All sector climate in the IFO framework rose to a net reading of 22.7 in June from 18.3 in May. The current business situation improved to 27.1 from 18.2, while expectations moved up to 18.0 from 15.6. Climate and current conditions seem to improve a lot on the month but not so much for expectations. In contrast, climate and expectations hold historically high readings while current conditions have only a middling assessment despite this improvement this month. German industry is a study in contrasts.

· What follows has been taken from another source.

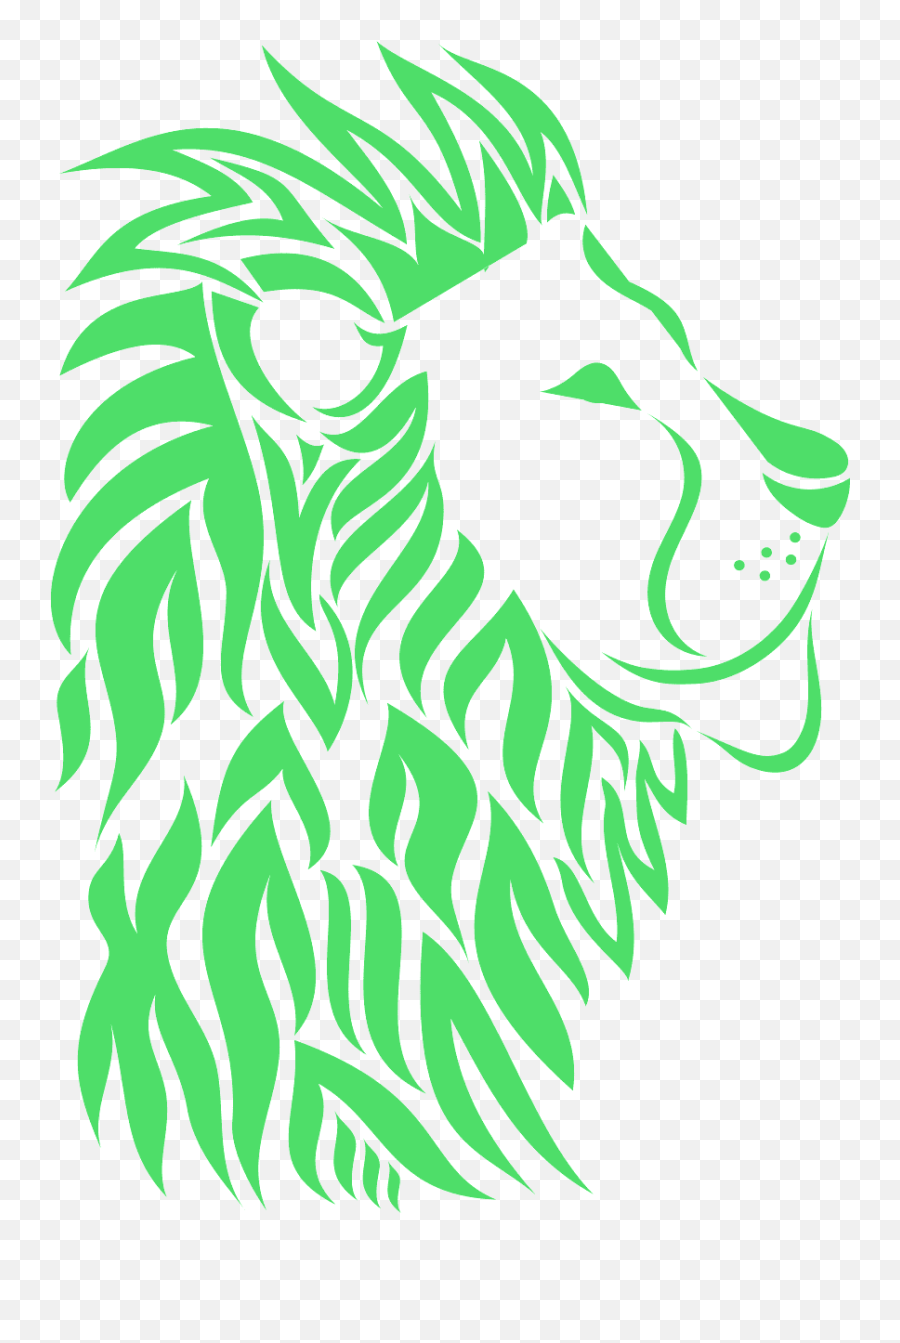 Tribal Lion Head Silhouette - Free Vector Silhouettes Free Scroll Saw Pattern Downloads Png,Lion Head Transparent

An ongoing German recovery
A clear pattern emerges about the state of the German economy. Recovery is in progress. The all sector climate index shows high 80th percentile standings as all sectors except construction (75.3%) and services (54.2%). For current conditions, four of the sectors have 80th-90th percentile standings yet the overall sector rating is only in its 59.3 percentile. This is because the one lagging sector; services is very weak with a standing in its 25.8 percentile. For expectations, this scenario flips and here the services sector has a 99.5 percentile standing and it is the highest reading ever for the services sector. Its net diffusion reading on the month jumped to 24.3 from 16.4. Suddenly the sector that has held everything back is expected vault ahead as the all-sector expectation has a very strong 97.9 percentile standing even with construction at a 22.2 percentile standing and wholesaling at a 65.5 percentile standing. Retailing expectations have a strong 85.6 percentile standing with manufacturing at a 91.8 standing. Clearly the services sector is driving the metrics for conditions, expectations, the current condition and climate.

Climate
All climate and standings are above their midpoints, above a reading of 50. And all diffusion values are net positive in June. Retailing made an especially sharp move, rising from -3.4 in May to +12.6 in June. Retailing and services made the strongest moves higher in June.

Current Conditions
Current conditions saw improvement across the board as well with a large jump in retailing, a sector that also crossed over from a net negative reading in May to a strong positive reading in June. Services also made a strong step higher. But the services metric for current conditions still lags below its median observation with a sub 50% standing (25.8%).

Expectations
For expectations, circumstances are different. The big improvement month-to-month is in services, a gain that takes it to its highest reading ever. Expectations overall are quite strong. Manufacturing has improved so much that it is the sole sector that backtracks in June but still has a percentile standing in its top 10 percent. Confidence in the construction sector has been lacking and that continues; construction has a standing below its median plus a net negative declining signal. Retailing ticks up to a positive reading, but it’s not much of a month-to-month gain. Perhaps the large improvement in current conditions calls for a less ebullient outlook from here on for retailing.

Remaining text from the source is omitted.